I have a dataframe as follows
Cycle | A_0 | A_1 | A_2 | A_3 | B_0 | B_1 | B_2 | B_3 |
---|---|---|---|---|---|---|---|---|
1 | 3 | 4 | 5 | 6 | 1 | 4 | 5 | |
1 | 8 | 5 | 3 | 1 | 0 | 8 | 6 | 4 |
2 | 7 | 9 | 1 | 6 | 1 | 0 | 2 | 3 |
3 | 5 | 9 | 1 | 0 | 3 | 8 | 3 |
this dataframe has to combined to two column A and B
Expected output
Cycle | A | B |
---|---|---|
1 | 3 | |
1 | 4 | 1 |
1 | 5 | 4 |
1 | 6 | 5 |
1 | 8 | 0 |
1 | 5 | 8 |
1 | 3 | 6 |
1 | 1 | 4 |
2 | 7 | 1 |
2 | 9 | 0 |
2 | 1 | 2 |
2 | 6 | 3 |
3 | 5 | 0 |
3 | 3 | |
3 | 9 | 8 |
3 | 1 | 3 |
What i did?
A = [f"A_{i}" for i in range(20)]
B = [f"B_{i}" for i in range(20)]
df2['A'] = df[A].bfill(axis=1).iloc[:, 0]
df2['B'] = df[B].bfill(axis=1).iloc[:, 0]

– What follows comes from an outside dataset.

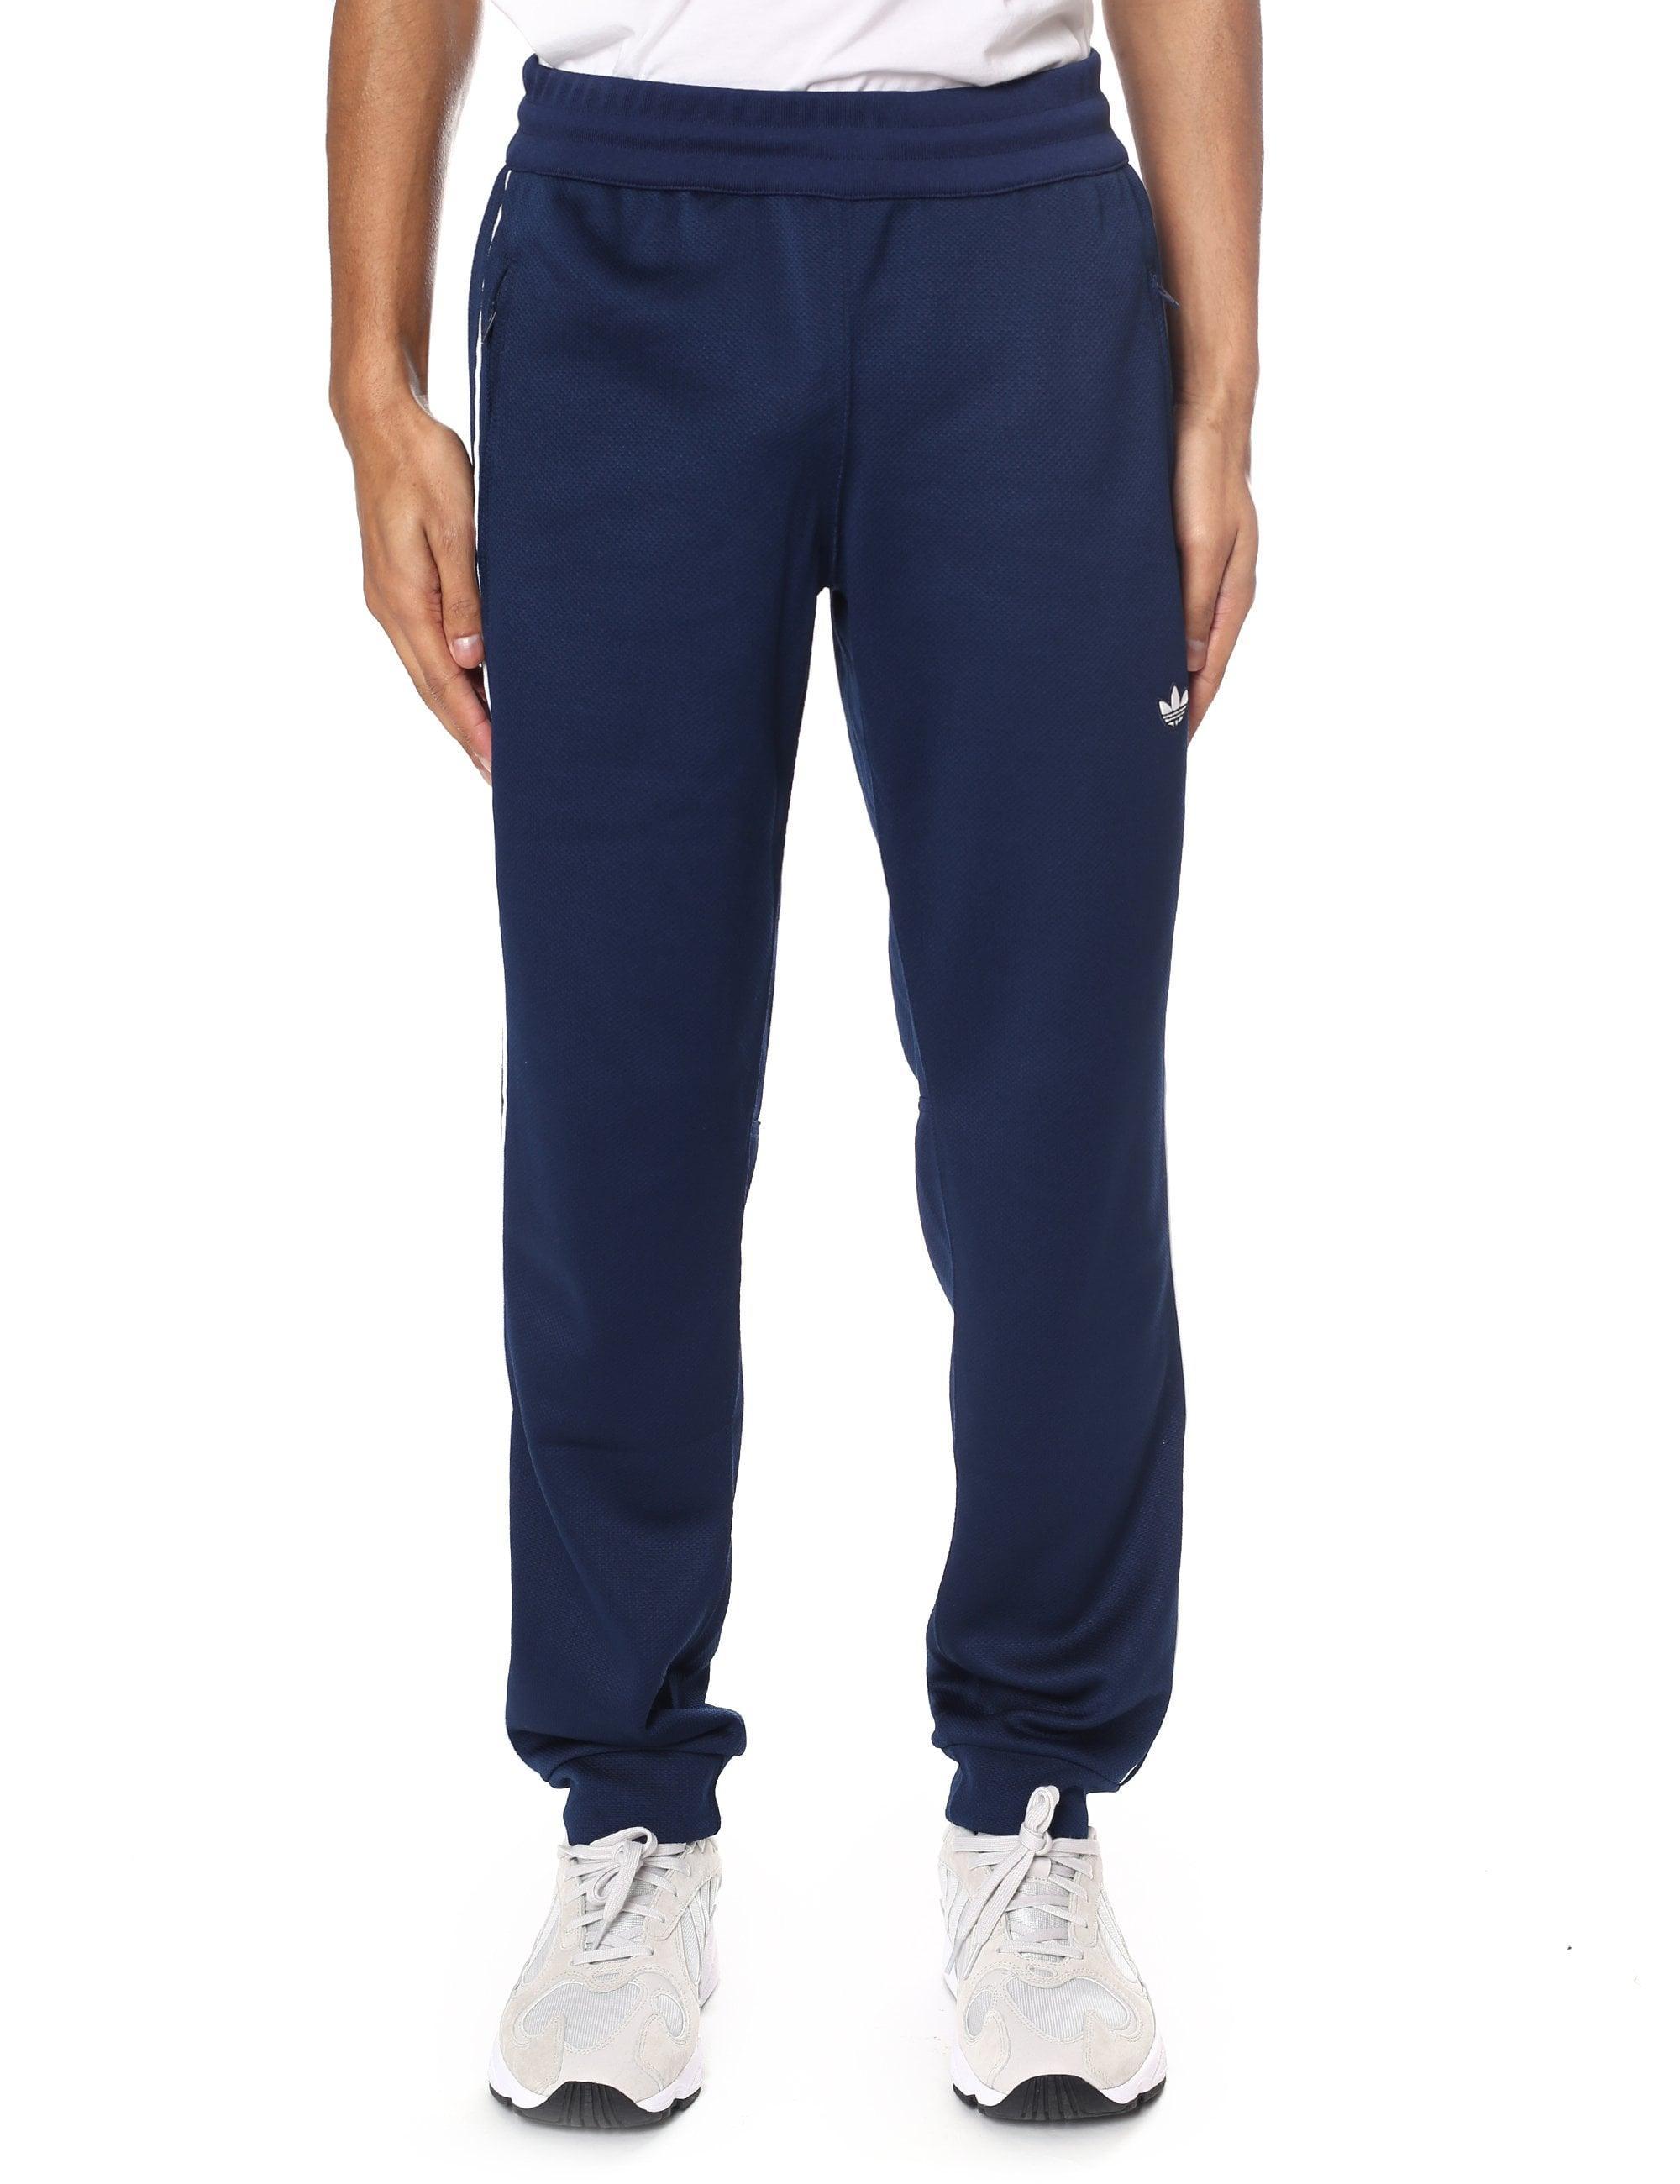 size 40 9eca1 df31c adidas. Mens Blue Arena Track Trousers

This line of code is givng me an output datframe by avoiding the nan. How can i get the expected output?
ADDON
added a new colum to the initial data and expected outcome
CodePudding user response:
You could use a dictionary comprehension after splitting the column names on the _
:
In [1]: import pandas as pd
...:
...: d = {
...: 'A_0': ['3', '8', '7', '5'],
...: 'A_1': ['4', '5', '9', ''],
...: 'A_2': ['5', '3', '1', '9'],
...: 'A_3': ['6', '1', '6', '1'],
...: 'B_0': ['', '0', '1', '0'],
...: 'B_1': ['1', '8', '0', '3'],
...: 'B_2': ['4', '6', '2', '8'],
...: 'B_3': ['5', '4', '3', '3'],
...: }
...:
...: df = pd.DataFrame(data=d)
...: df
Out[1]:
A_0 A_1 A_2 A_3 B_0 B_1 B_2 B_3
0 3 4 5 6 1 4 5
1 8 5 3 1 0 8 6 4
2 7 9 1 6 1 0 2 3
3 5 9 1 0 3 8 3
In [2]: df = pd.DataFrame({
...: key: pd.Series(vals.to_numpy().ravel())

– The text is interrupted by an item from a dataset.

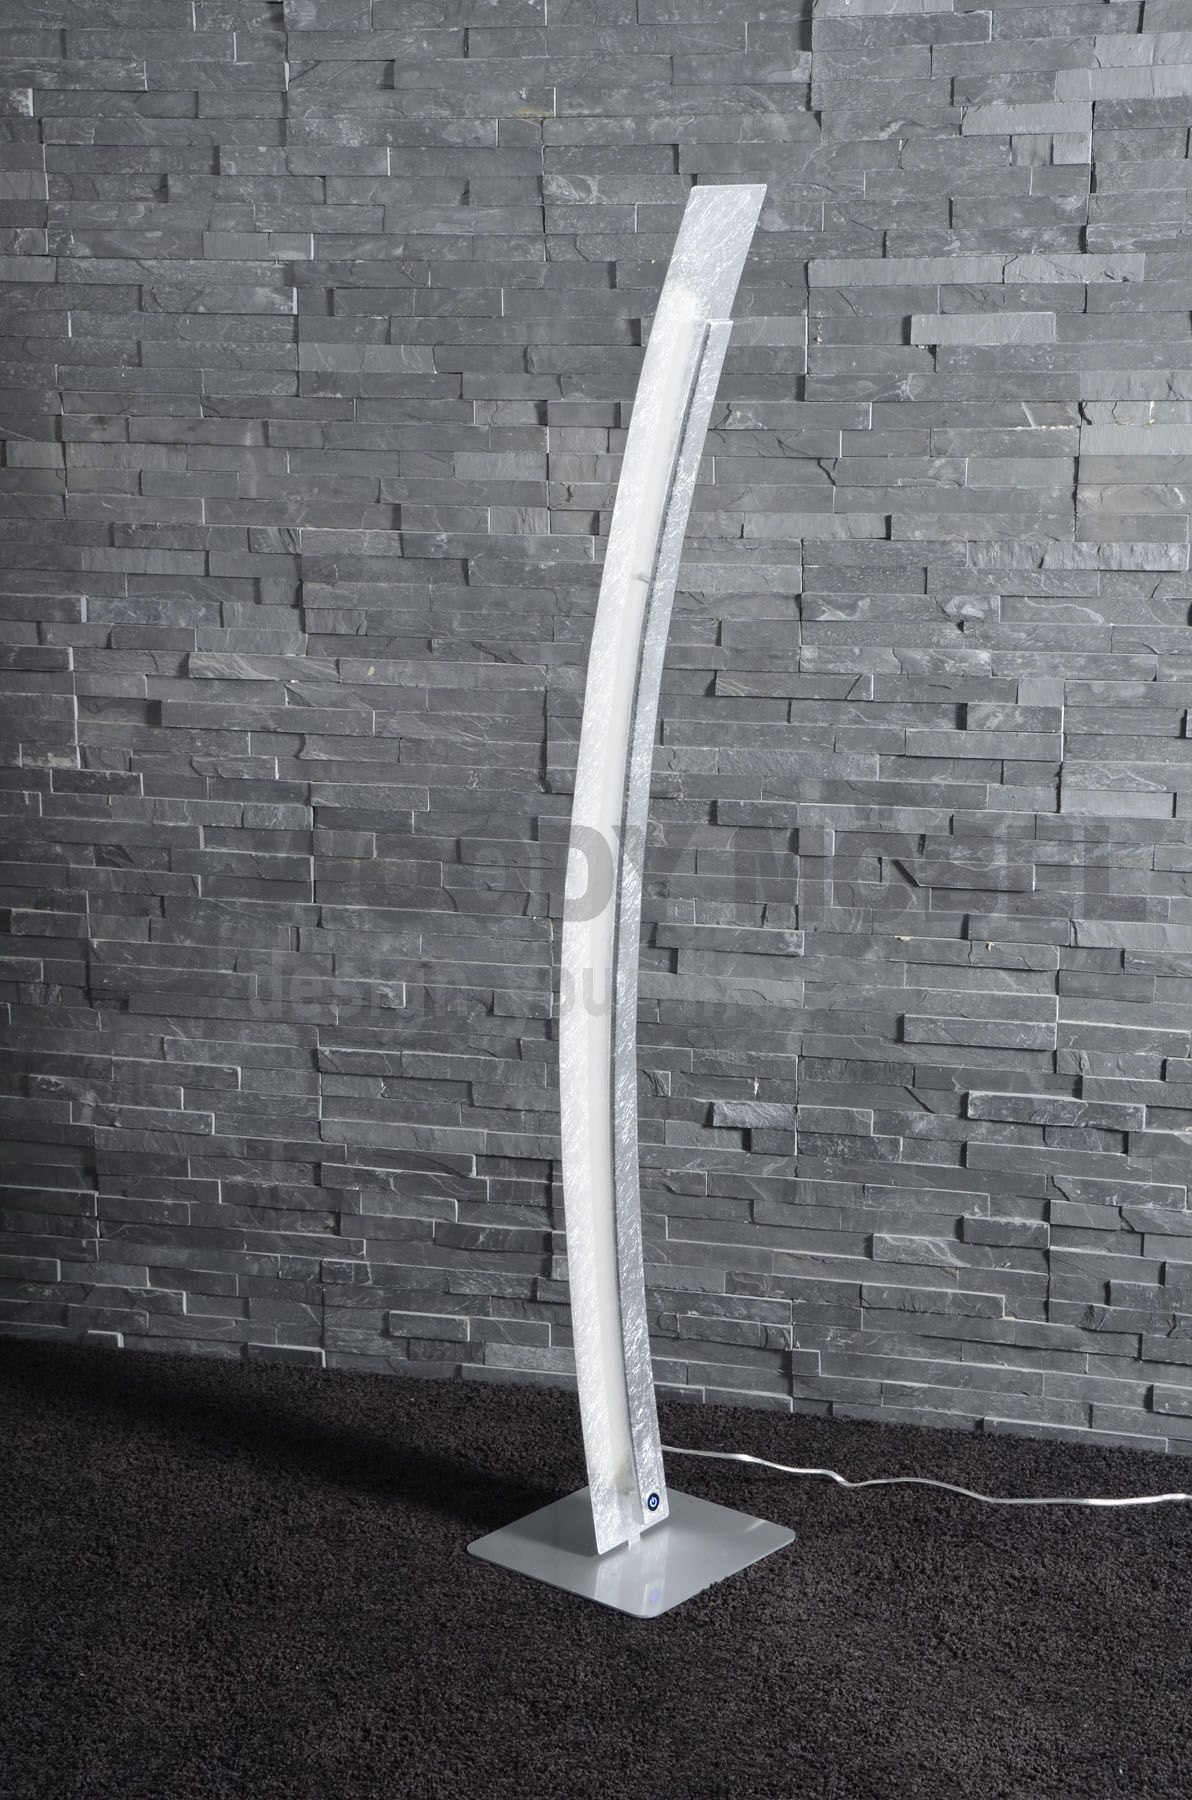 Faszinierend Stehlampe Bogen Ideen Von 30 Watt Led Dimmbar Woody 83-00373 Silber

...: for key, vals in df.groupby(lambda col: col.split('_')[0], axis=1)
...: })
...: df
Out[2]:
A B
0 3
1 4 1
2 5 4
3 6 5
4 8 0
5 5 8
6 3 6
7 1 4
8 7 1
9 9 0
10 1 2
11 6 3
12 5 0
13 3
14 9 8
15 1 3
CodePudding user response:
code part
columns = pd.Index(['A_0', 'A_1', 'A_2', 'A_3', 'B_0', 'B_1', 'B_2', 'B_3'], dtype='string')

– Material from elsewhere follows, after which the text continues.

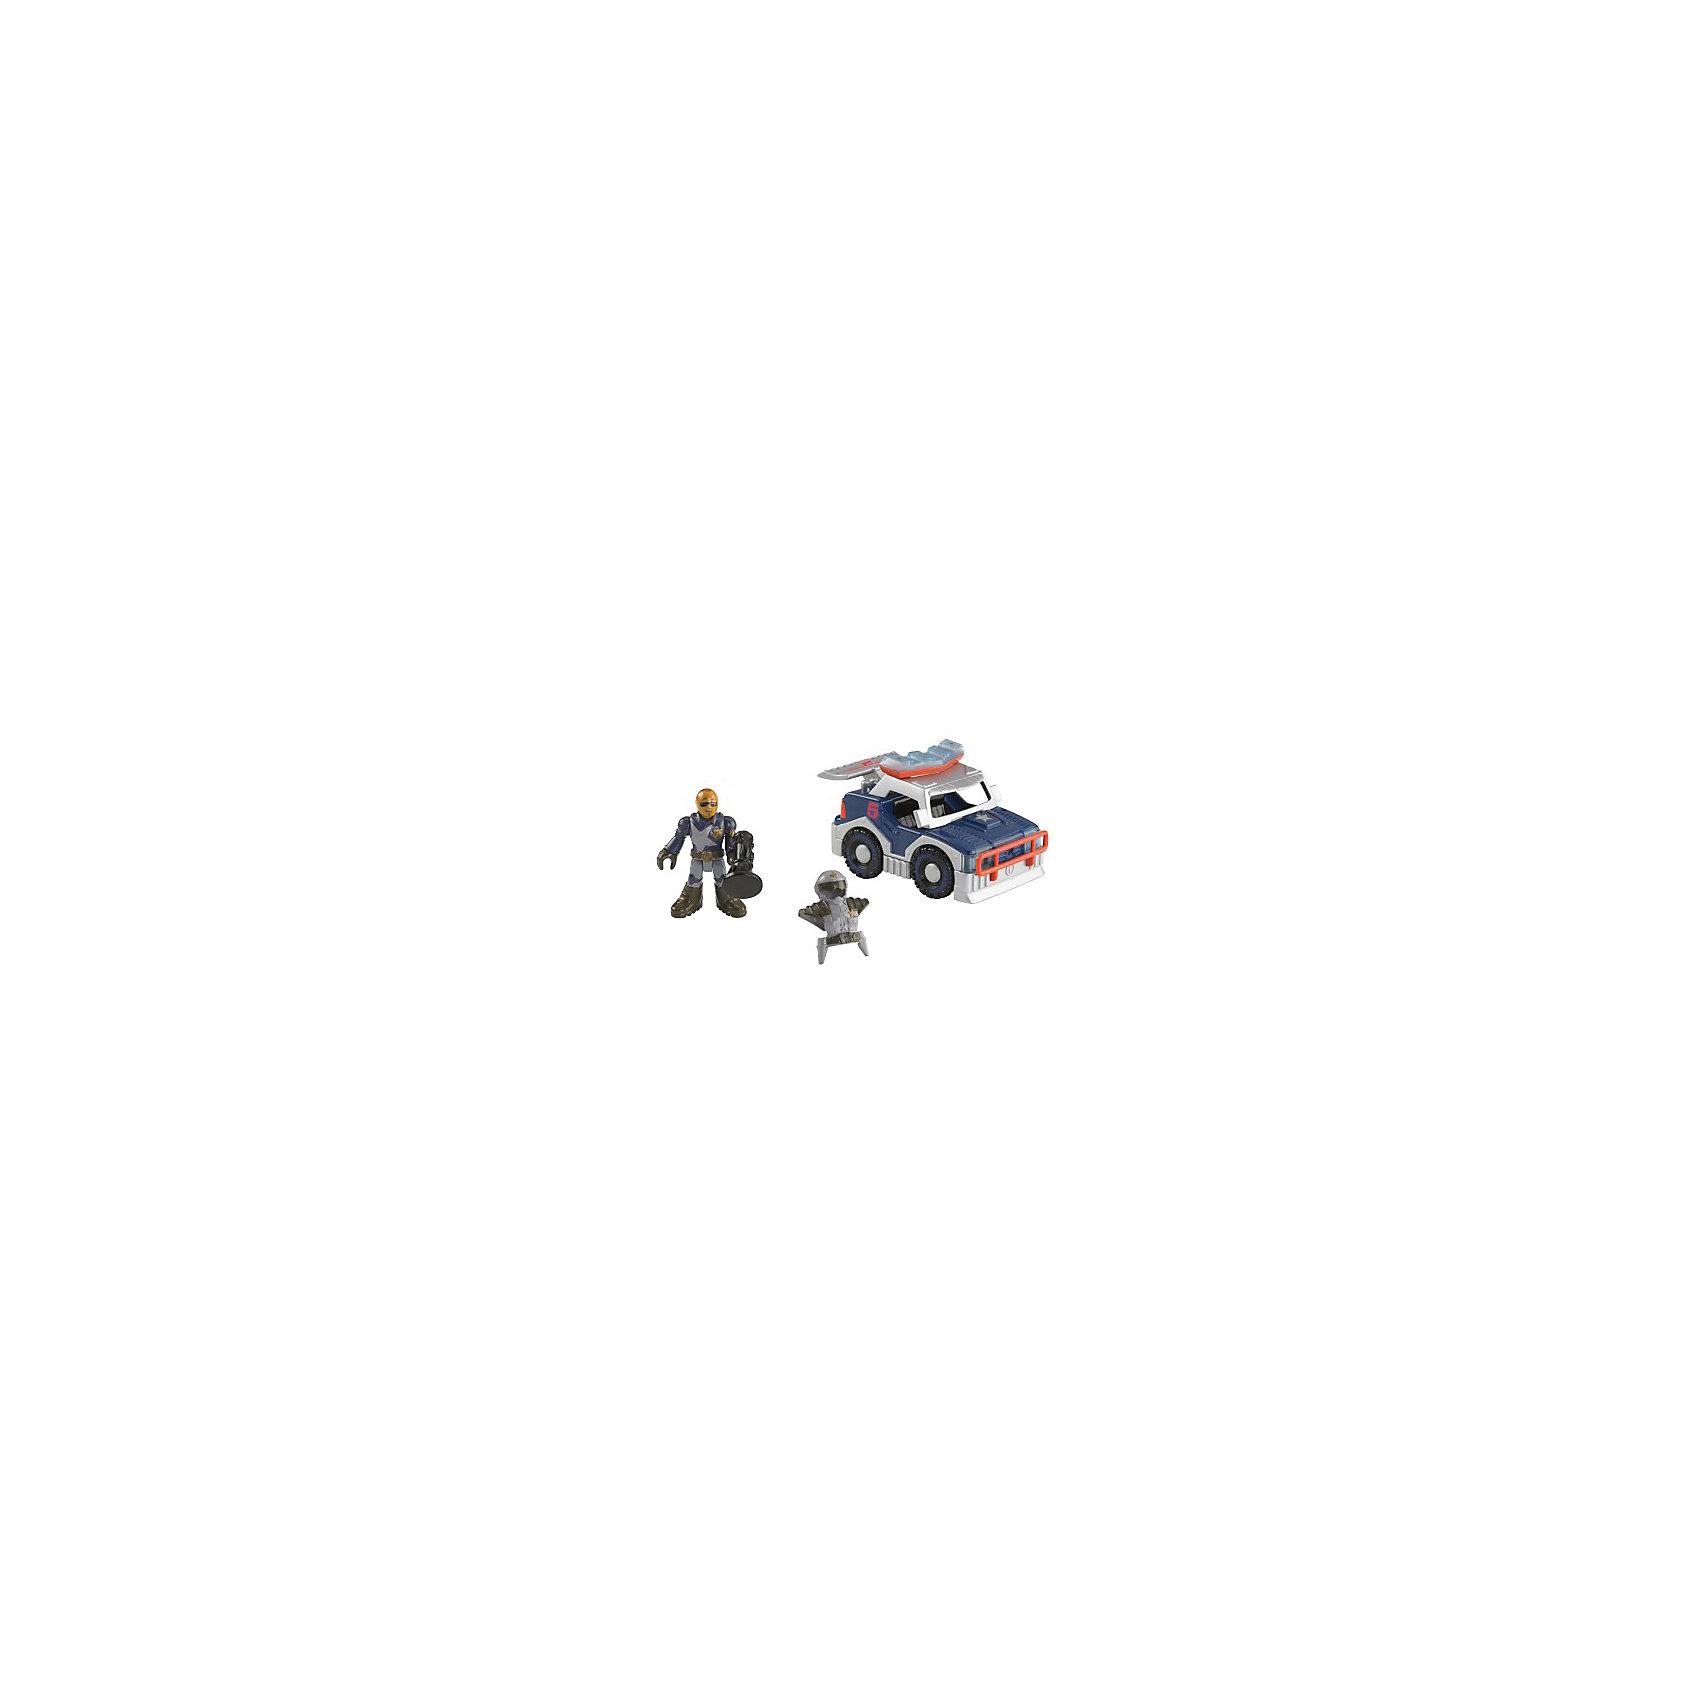 Mattel Набор Городские спасатели с аксессуарами, Imaginext, Fisher Price mattel базовая фигурка октонавты fisher price

values = np.array([[ 3., 4., 5., 6., np.nan, 1., 4., 5.],
[ 8., 5., 3., 1., 0., 8., 6., 4.],
[ 7., 9., 1., 6., 1., 0., 2., 3.],
[ 5., np.nan, 9., 1., 0., 3., 8., 3.]],
dtype=float)
## Or retrive from raw DataFrame if already exists
# columns = df_raw.columns
# values = df_raw.values
## Construct MultiIndex
mi = pd.MultiIndex.from_tuples((s.split("_") for s in columns))
## Construct DataFrame
df = pd.DataFrame(values, columns=mi)
## reshape: stack level=1 (2nd row) of columns to index
df_result = df.stack(level=1)
>>> df_result
A B
0 0 3.0 NaN
1 4.0 1.0
2 5.0 4.0
3 6.0 5.0
1 0 8.0 0.0
1 5.0 8.0
2 3.0 6.0
3 1.0 4.0
2 0 7.0 1.0
1 9.0 0.0
2 1.0 2.0
3 6.0 3.0
3 0 5.0 0.0
1 NaN 3.0
2 9.0 8.0
3 1.0 3.0
Explain
Steps:
Construct MultiIndex from flat Index
Pandas provides 4 builtin method to construct MultiIndex; Here use from_tuples form doc: https://pandas.pydata.org/docs/reference/api/pandas.MultiIndex.from_tuples.html
from_arrays :: input
[[x1, x2, ...], [y1, y2, ...]]
output[[x1, y1], [x2, y2], ...]
from_tuples :: input
[[x1, y1], [x2, y2], ...]
output samefrom_frame :: Transfer
DataFrames.values
toMultiIndex
from_product :: input like arrays, but zip them to output. e.g. input
[[x1, x2], [y1, y2, y3]]
output
MultiIndex([('x1', 'y1'), ('x1', 'y2'), ('x1', 'y3'), ('x2', 'y1'), ('x2', 'y2'), ('x2', 'y3')], )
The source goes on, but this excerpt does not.